Last week’s entry on hooligans, hoodlums & thugs doesn’t begin to account for all the terms we use for our bad boys, so here are three more, all from Old French: rascal, miscreant, & villain.

The term rascal comes from the early 1500s, from a word meaning outcast, rabble, or the lowest class. Many etymologists suggest that the original term comes from an older form which was the grandmother of the term rash, meaning mud, filth, scab or dregs. Those early fifteenth century rascals really had it bad. Since the late 1500s, the term has meant dishonest, unprincipled, &/or lazy, which may be negative, but at least it doesn’t involve nasty skin conditions.

A miscreant, on the other hand, is lacking in spiritual understanding (or so suggest those applying the label). Miscreant comes form mes- meaning wrong & -creant meaning believe, defined originally in English as infidel, unbelieving, or heretic. Early on in its life as a French word, it simply meant heathen. Today in English, miscreant has the broader meaning, evil or immoral.

Villain, like rascal, was originally a term used to define someone of the lower class, someone base, low-born or rustic. The word villain is related to villa, or country house (which, interestingly, now carries a high class tone). Though starting out meaning inhabitant of a farm, the term morphed into meaning peasant, churl, boor, clown, knave or scoundrel. It wasn’t until 1822 that villain was associated specifically with the bad boys of literature.

So, my few & trusty followers, please consider commenting on the class warfare reflected by these etymologies, or offer thoughts about these three coming from Old French (though last week’s hoodlum, hooligan and thug had more widespread roots). Also, could you suggest some other synonyms for rascals, miscreants & villains?

My thanks go out to this week’s sources, Hugh Rawson’s book Wicked Words,  etymonline.com, thesaurus.com, & the OED.

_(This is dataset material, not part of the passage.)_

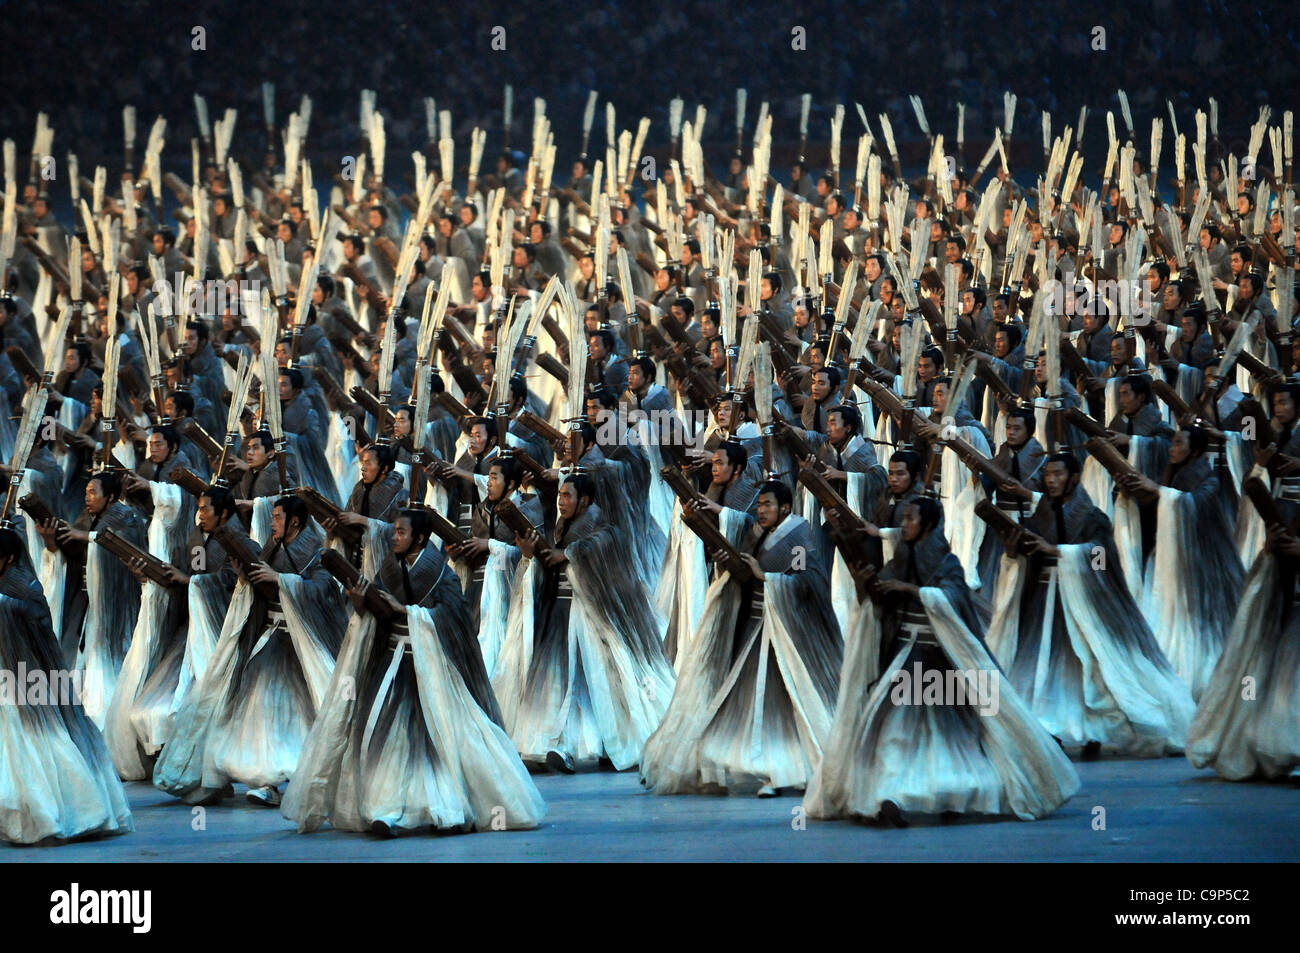 AUGUST 8, 2008 - Opening Ceremony : Performers dance during the opening ceremony for the 2008 Beijing Summer Olympics Games at the National Stadium on August 8, 2008 in Beijing, China. (Photo by AFLO SPORT) [0005] Stock Photo

Thursday, December 15, 2011

Bad Boys


Bad Boys

Fiction often depends on the villainy of the villain, and there are so many great terms to refer to those villains. Here are some of my favorites:

Hooligan – Though there is definitely some disagreement among the etymologists on this one, most seem to lean toward the theory that hooligan is one more slur against the oft-maligned Irish. It’s likely that a family by the name of Houlighan (one of the spellings of Hoolihan) was giving the police a tough time in London before the 1890s, about the time the derogatory term we now know first appeared in print.

Hoodlum – Though a theory exists that hoodlum is actually another Irish name, Muldoon, flipped backward (noodlum) and mistakenly read by a San Francisco typesetter, most etymologists lean toward a Bavarian root for this word. One possibility is huddellump, a ragamuffin. Another contender is the term hydelum, meaning disorderly. The Bavarian argument generally wins out, since in 1870s San Francisco, Germans were one of the larger non-English speaking groups in the City by the Bay, and it’s no secret that, whether right or wrong, those who don’t fit in tend to be suspected of evildoing.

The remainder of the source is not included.